▶
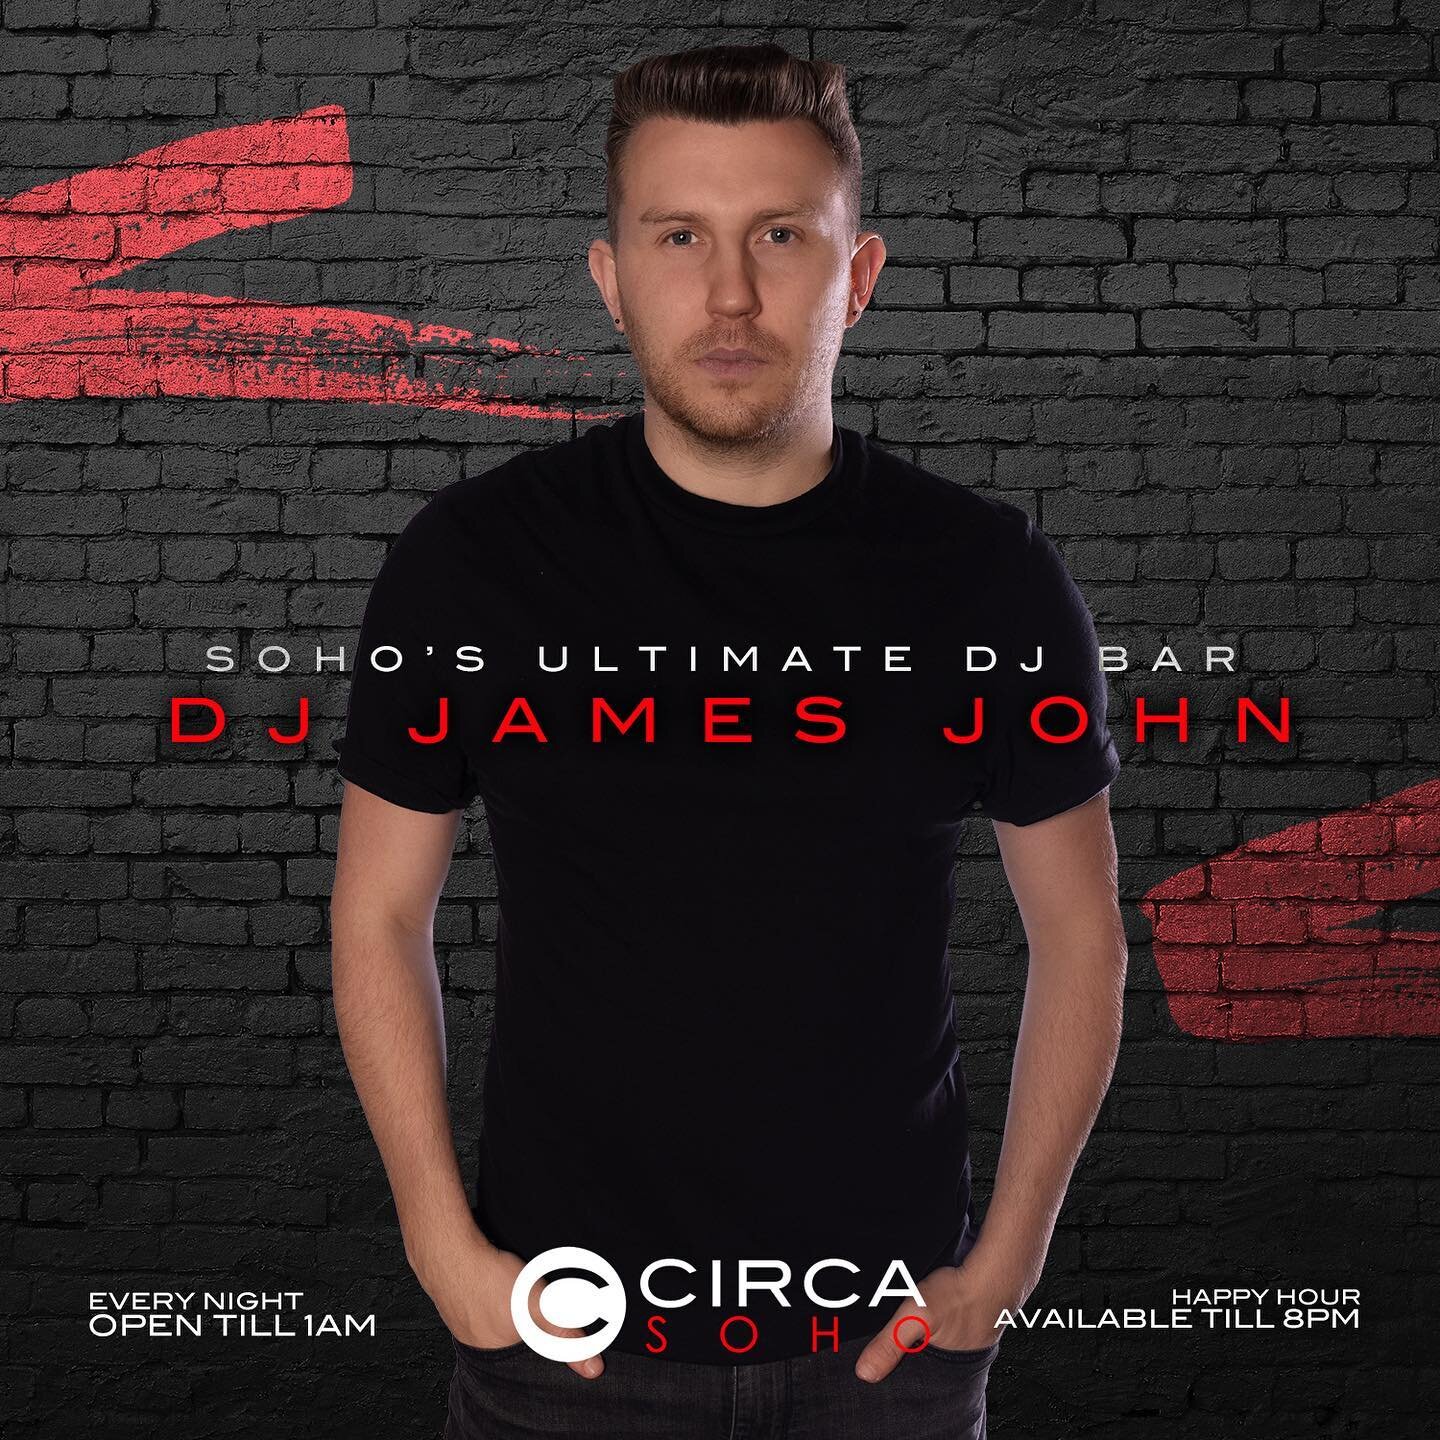 CIRCA SATURDAYS //

&bull; DJ James John
&bull; DJ Joey Tempo

OPEN TILL 1AM //
◀
TRY IT:
Those lines from the one with "DJ James John" through the last line of the material above are to be retyped exactly, with nothing else.

WRITTEN ANSWER:
&bull; DJ James John
&bull; DJ Joey Tempo

OPEN TILL 1AM //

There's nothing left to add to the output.